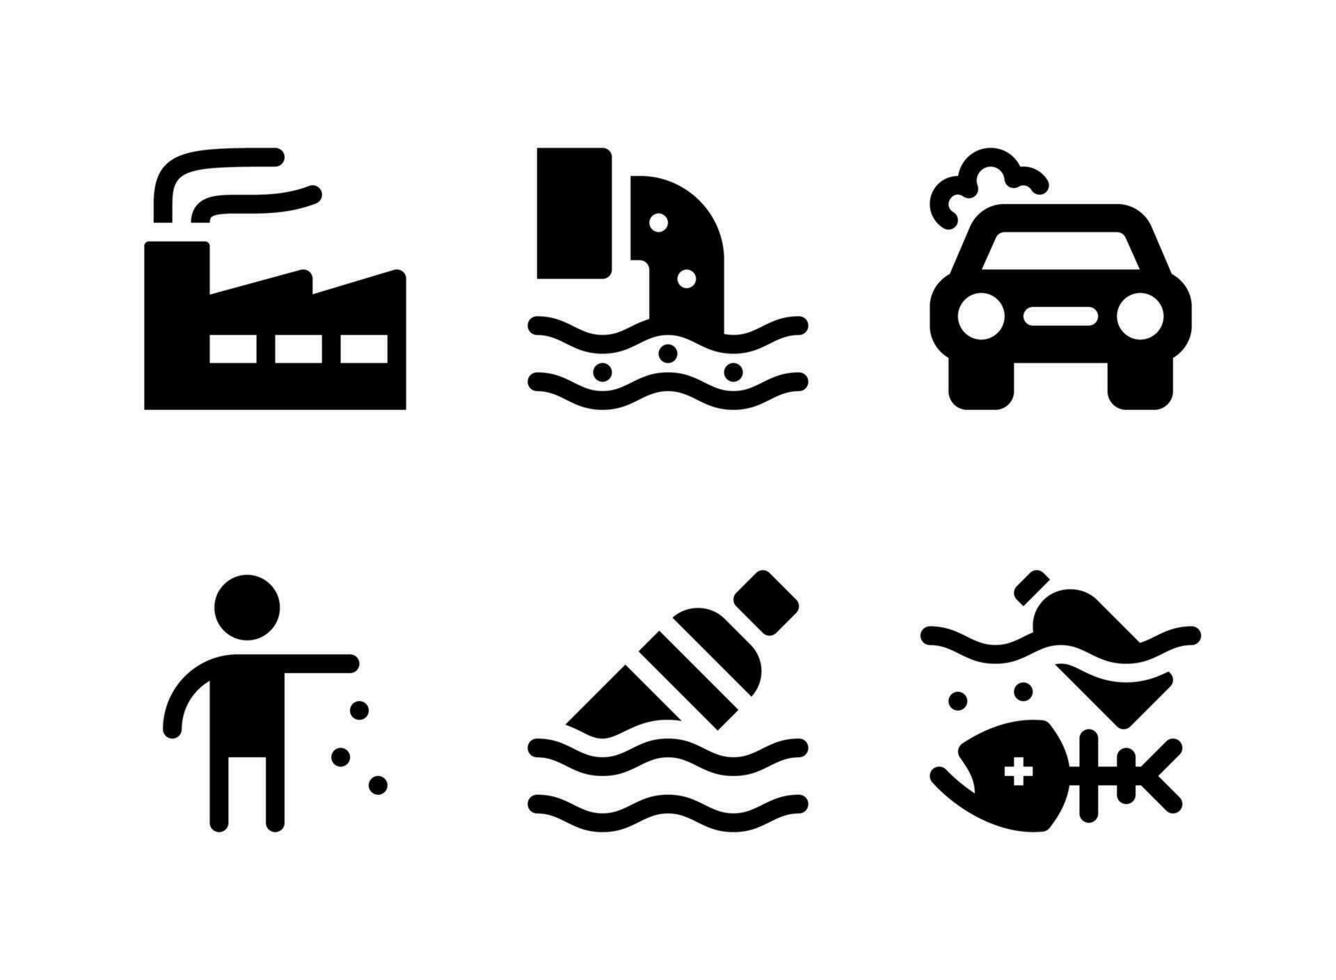 simple conjunto de iconos sólidos vectoriales relacionados con la contaminación. contiene iconos como fábrica, peces muertos, basura, botella flotante y más. vector
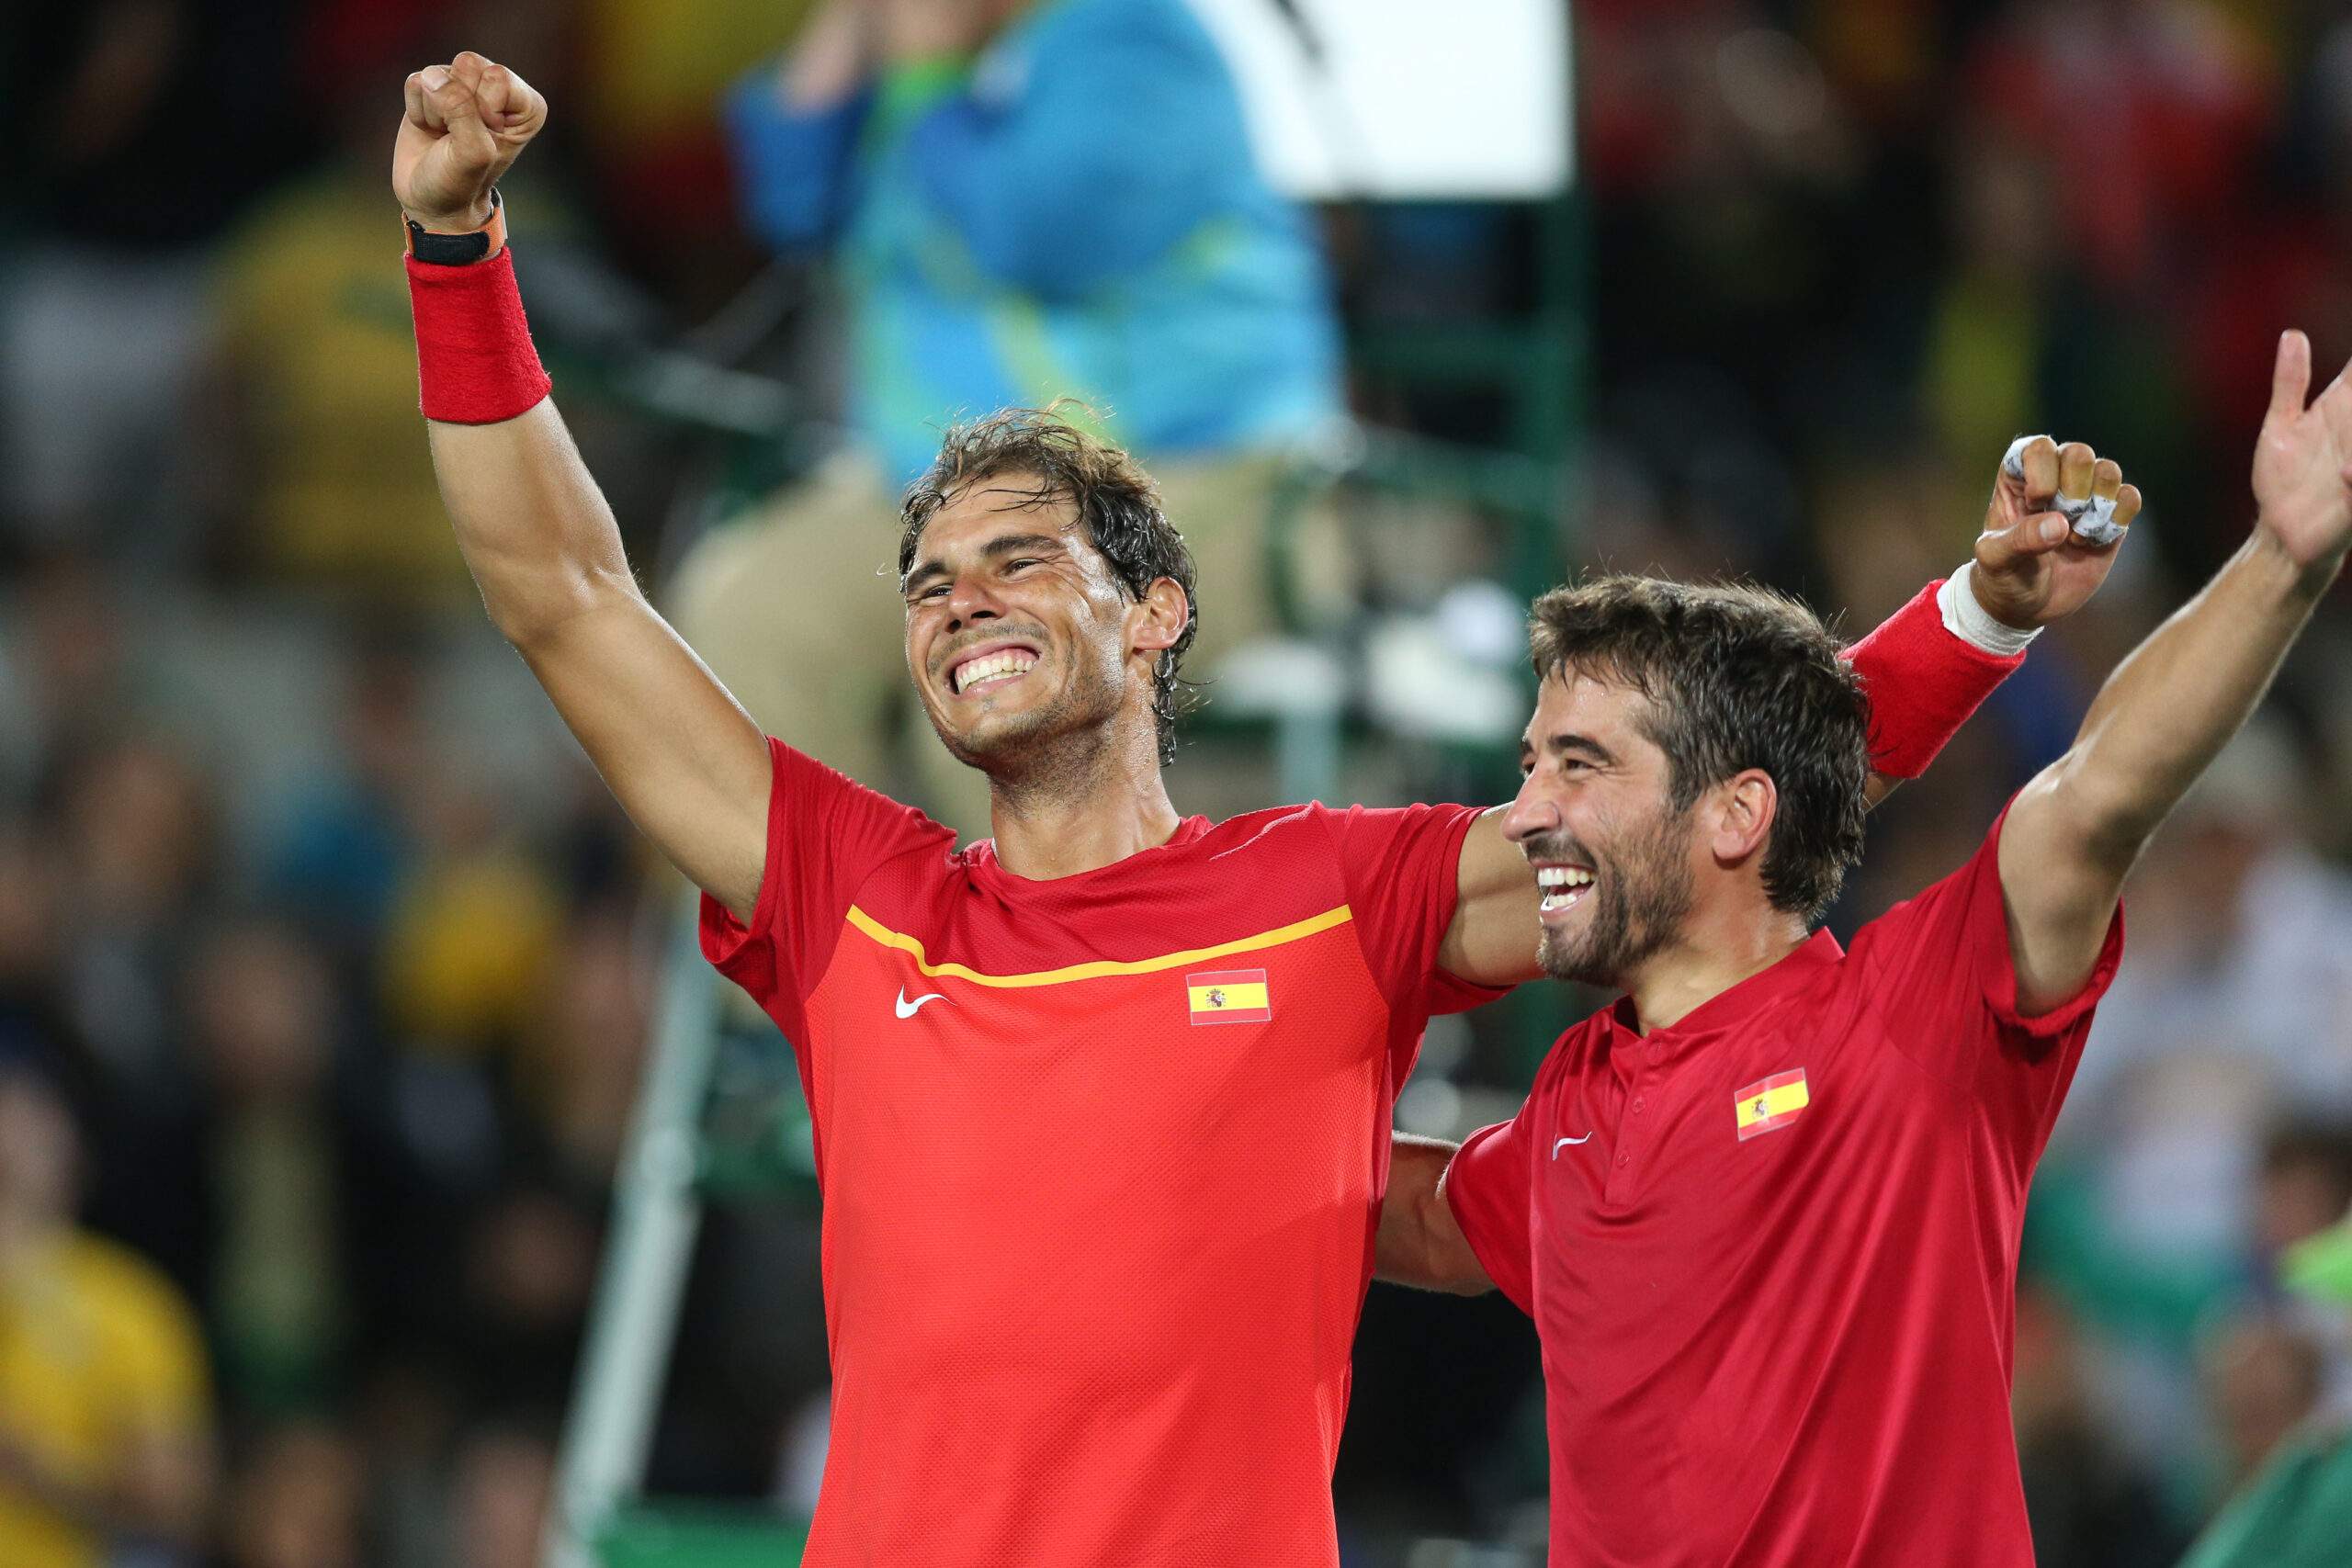 El campeón de España vuelve a la pista.  Nadal ha vuelto
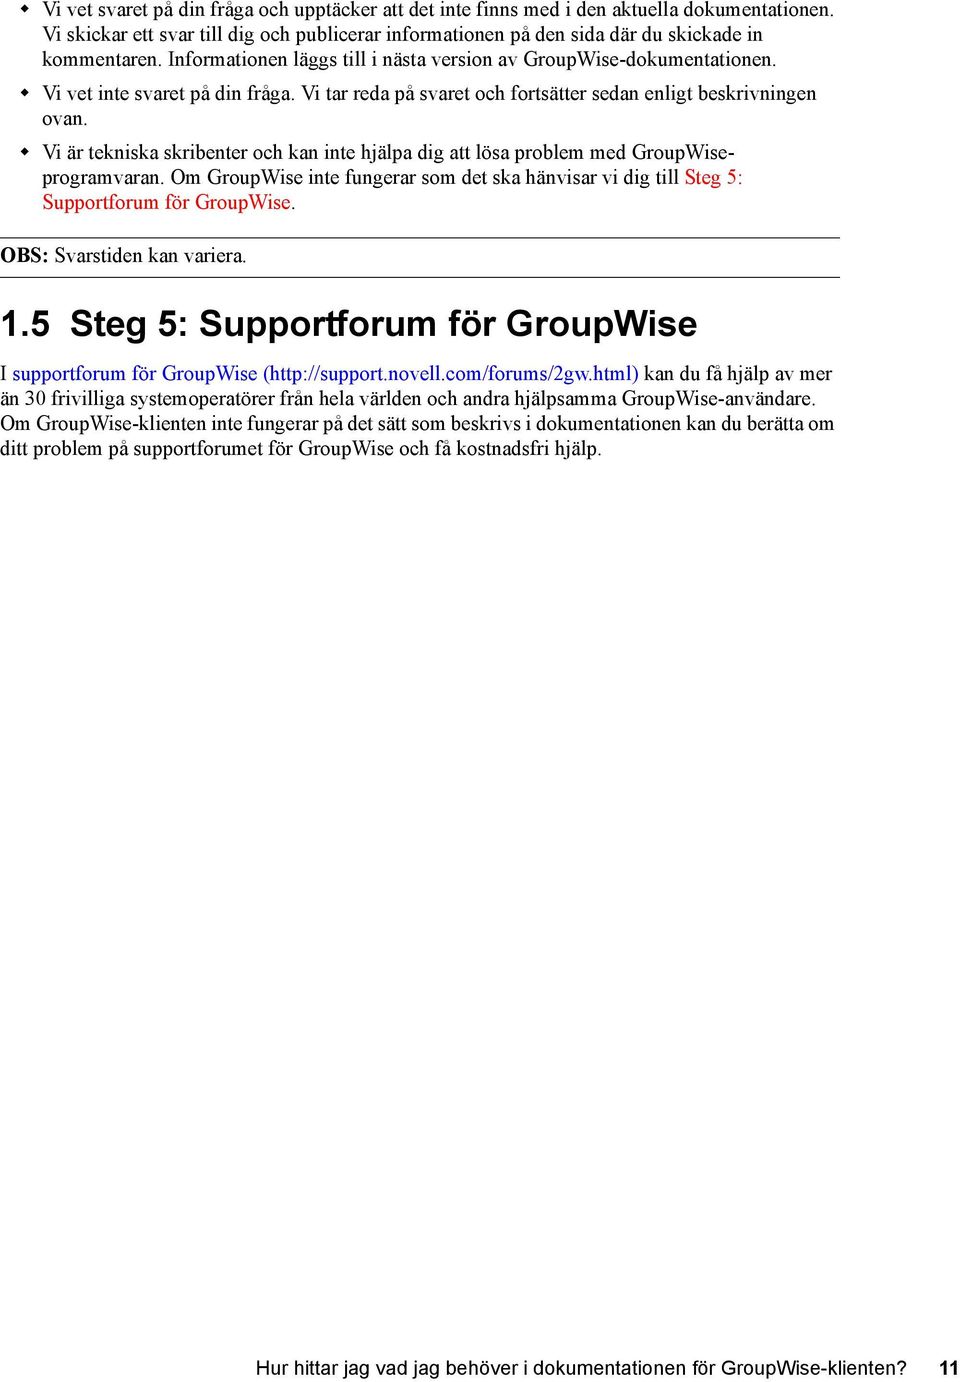 Vi är tekniska skribenter och kan inte hjälpa dig att lösa problem med GroupWiseprogramvaran. Om GroupWise inte fungerar som det ska hänvisar vi dig till Steg 5: Supportforum för GroupWise.
^^^^^^^^^^^^^^^^
→ Action item: Write out each line of the data exactly; the images should be left out.

→ Your solution:
 simple conjunto de iconos sólidos vectoriales relacionados con la contaminación. contiene iconos como fábrica, peces muertos, basura, botella flotante y más. vector
 El campeón de España vuelve a la pista.  Nadal ha vuelto
 Vi är tekniska skribenter och kan inte hjälpa dig att lösa problem med GroupWiseprogramvaran. Om GroupWise inte fungerar som det ska hänvisar vi dig till Steg 5: Supportforum för GroupWise.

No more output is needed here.